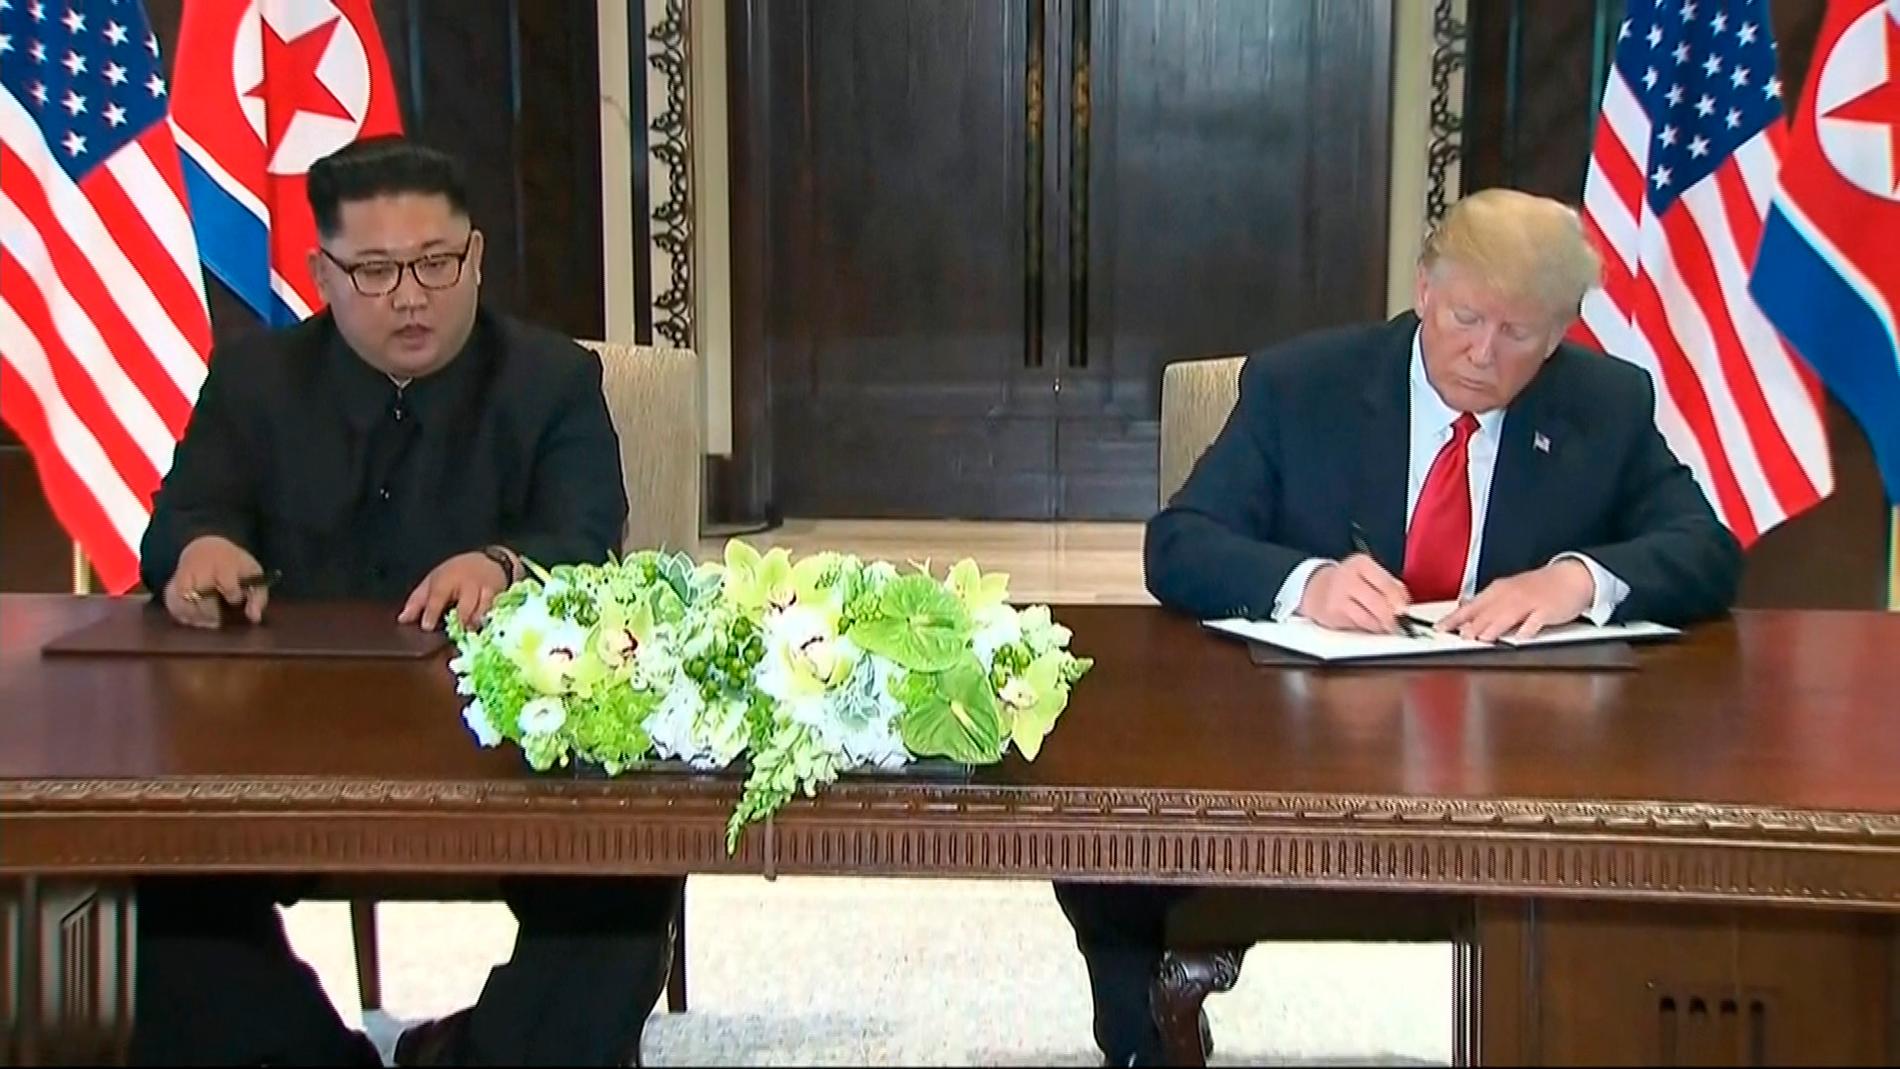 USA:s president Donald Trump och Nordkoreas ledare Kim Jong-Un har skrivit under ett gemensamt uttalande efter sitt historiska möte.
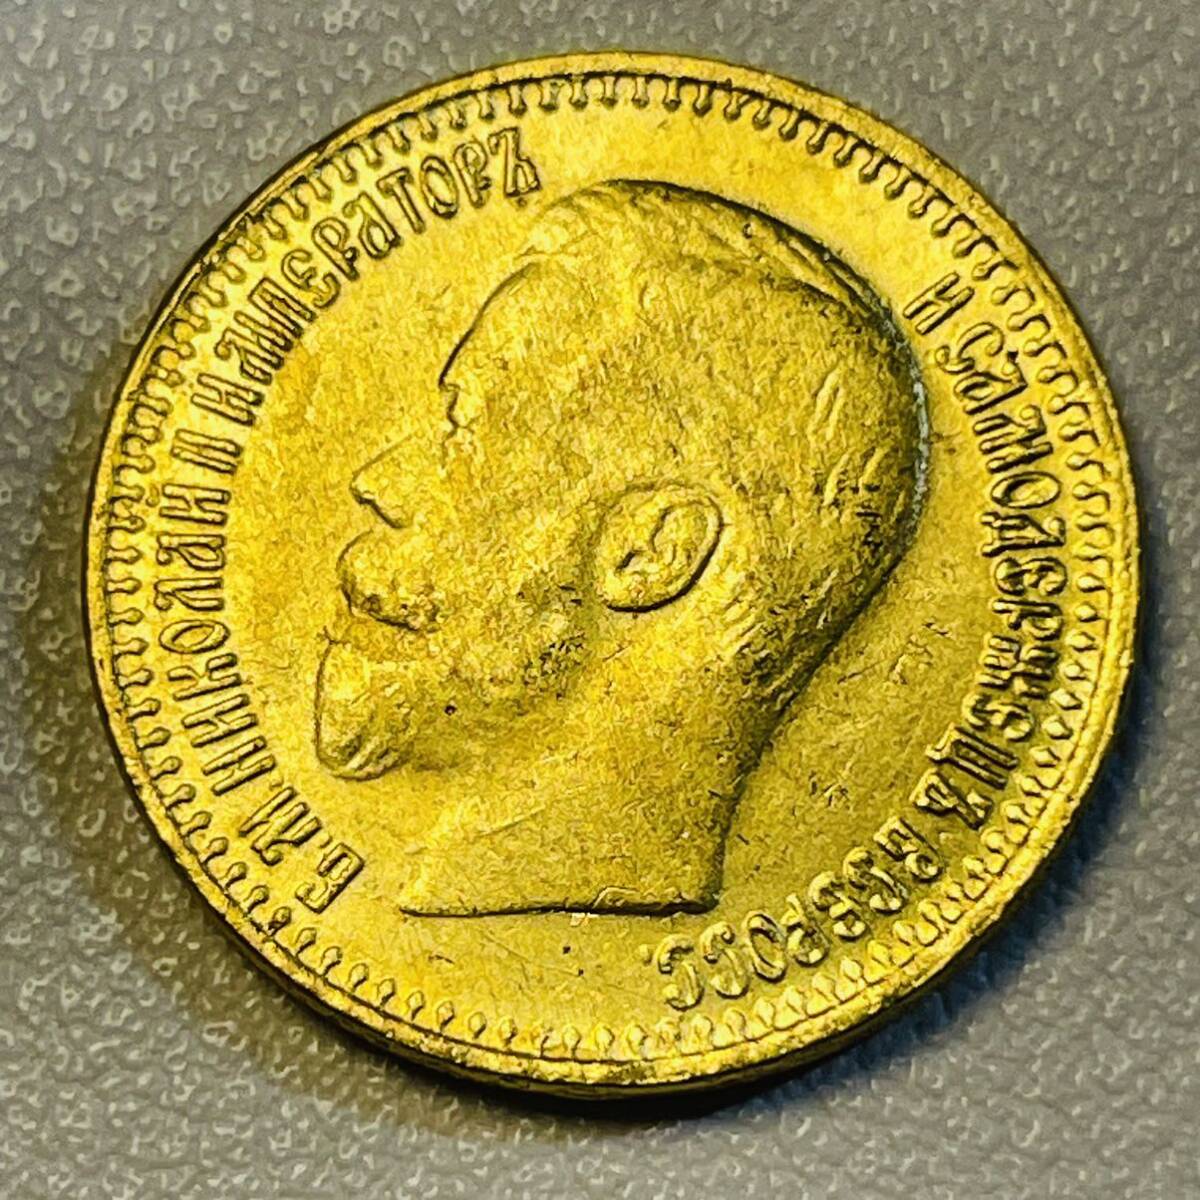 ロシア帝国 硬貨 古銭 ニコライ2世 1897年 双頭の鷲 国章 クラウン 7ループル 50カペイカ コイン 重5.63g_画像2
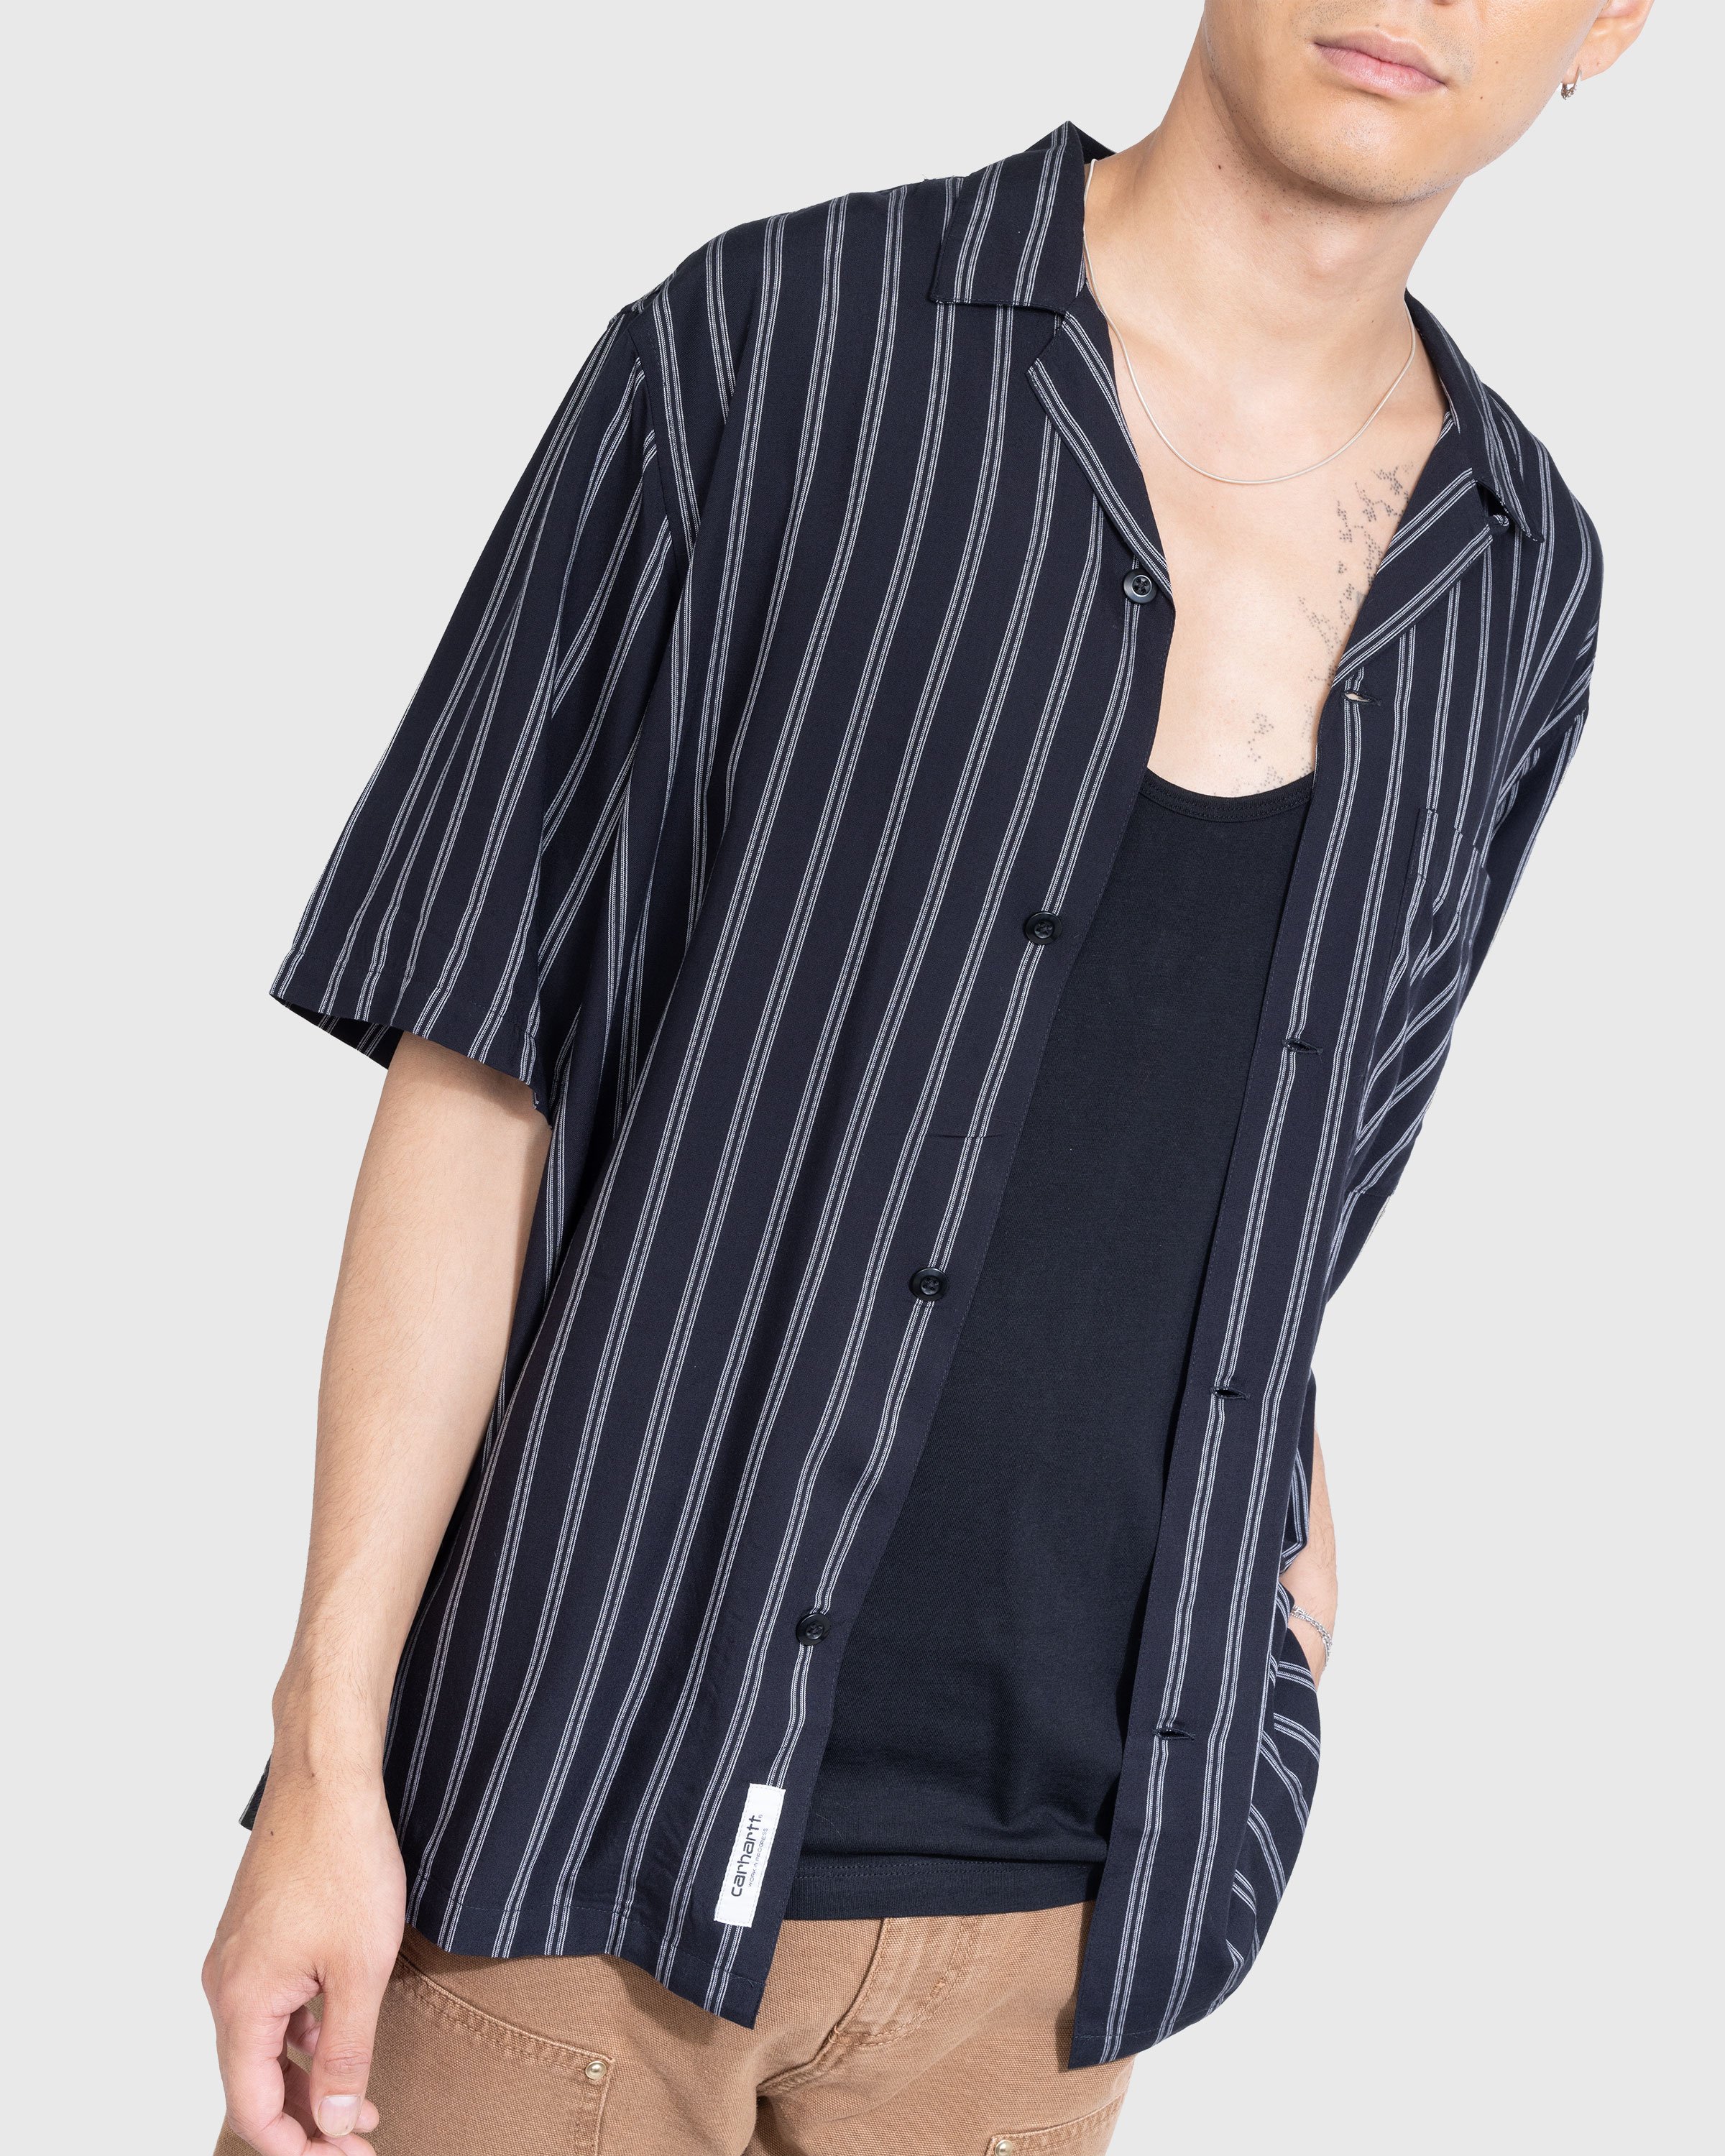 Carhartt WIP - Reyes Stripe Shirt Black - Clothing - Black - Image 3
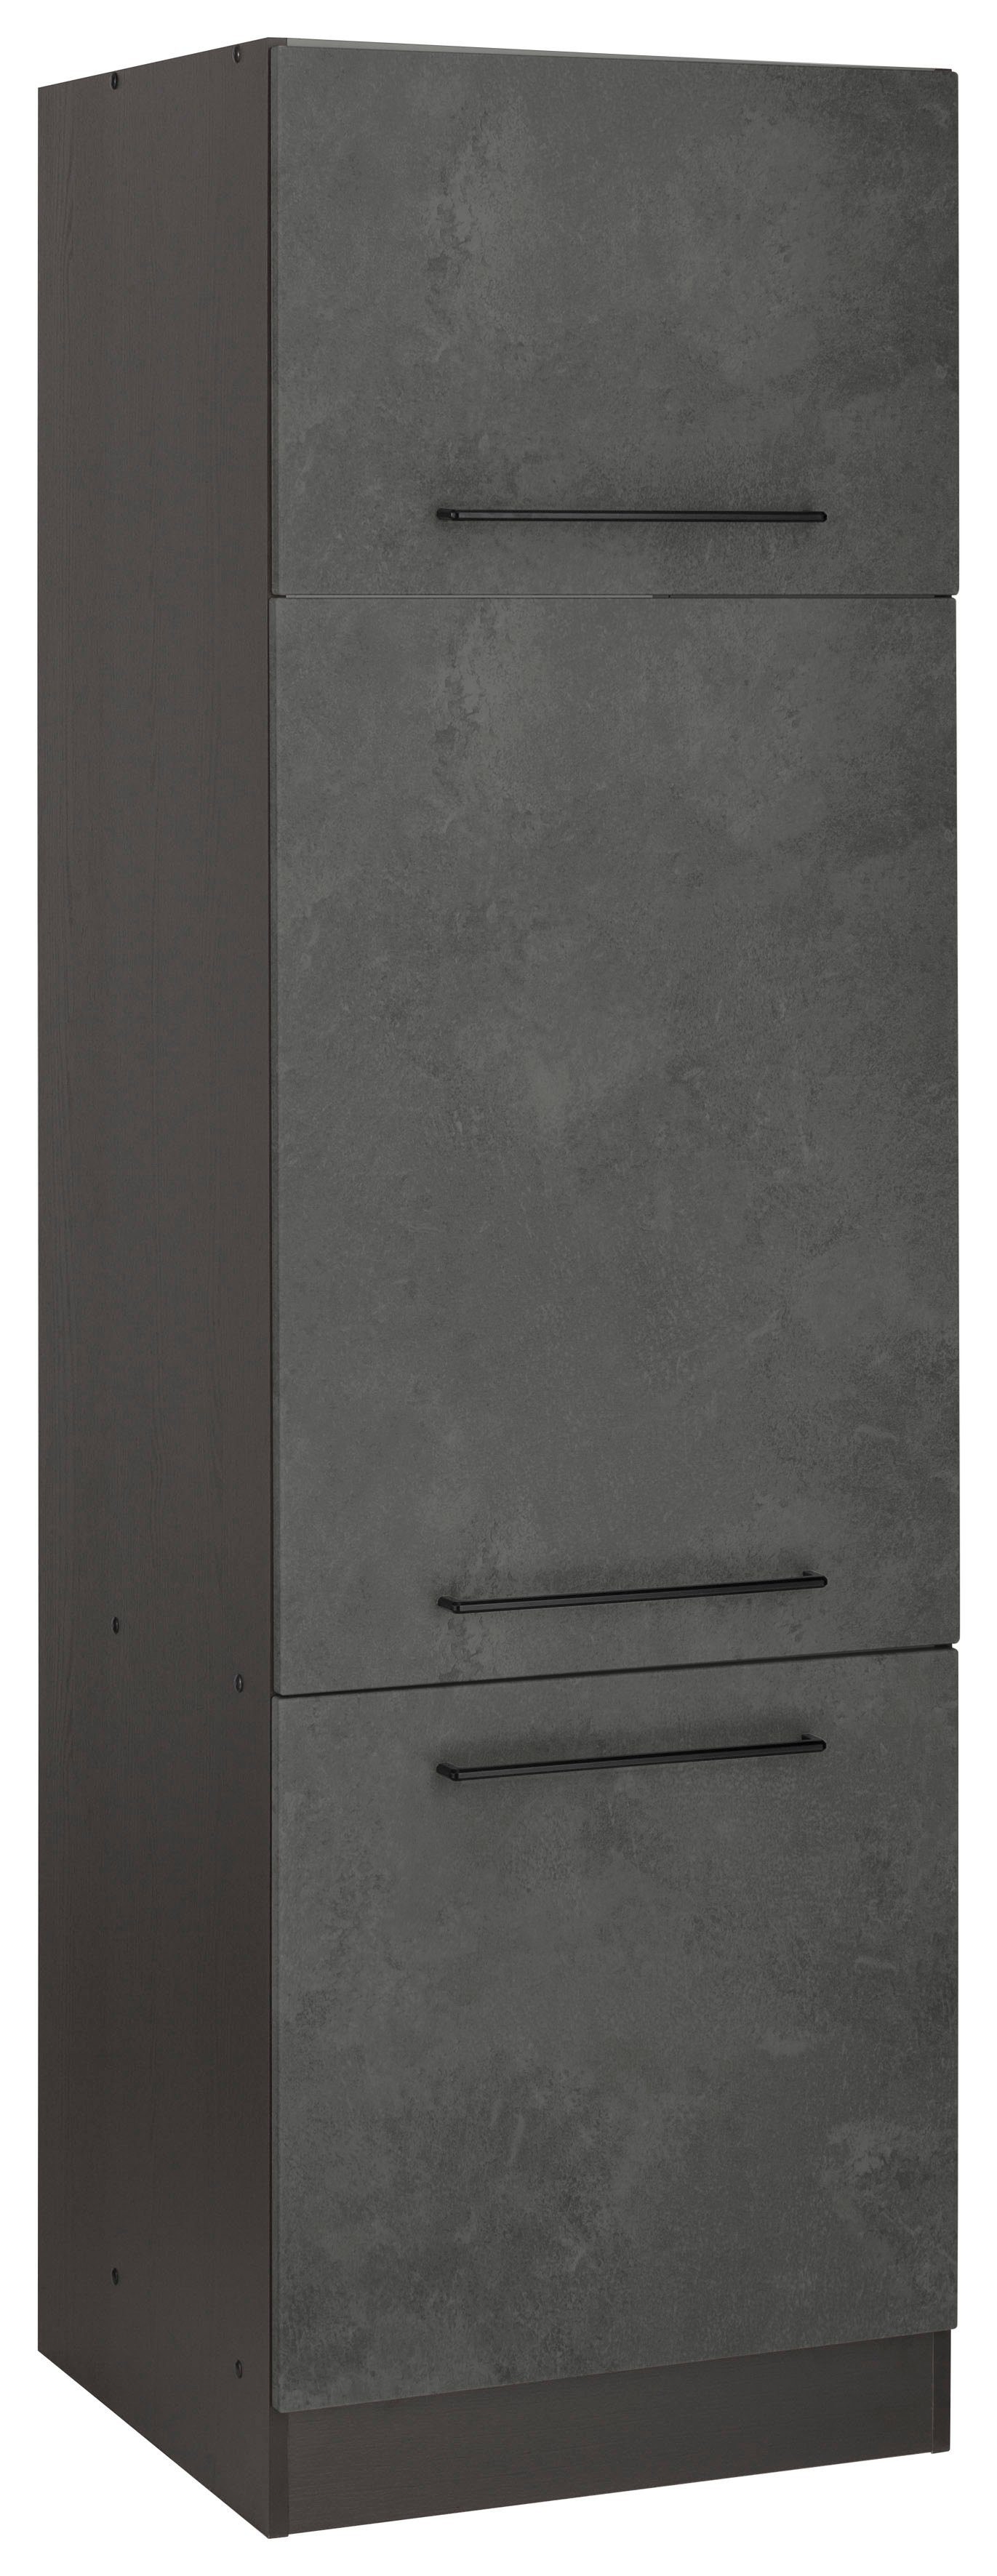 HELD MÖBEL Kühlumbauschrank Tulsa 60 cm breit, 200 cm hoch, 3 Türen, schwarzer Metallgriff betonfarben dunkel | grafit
*-*-*
Exercise:
Whenever images occur above, omit them and retype each line exactly as it stands.

Expected answer:
 USA:s president Donald Trump och Nordkoreas ledare Kim Jong-Un har skrivit under ett gemensamt uttalande efter sitt historiska möte.
 ロシア帝国 硬貨 古銭 ニコライ2世 1897年 双頭の鷲 国章 クラウン 7ループル 50カペイカ コイン 重5.63g_画像2
 Carhartt WIP - Reyes Stripe Shirt Black - Clothing - Black - Image 3
 HELD MÖBEL Kühlumbauschrank Tulsa 60 cm breit, 200 cm hoch, 3 Türen, schwarzer Metallgriff betonfarben dunkel | grafit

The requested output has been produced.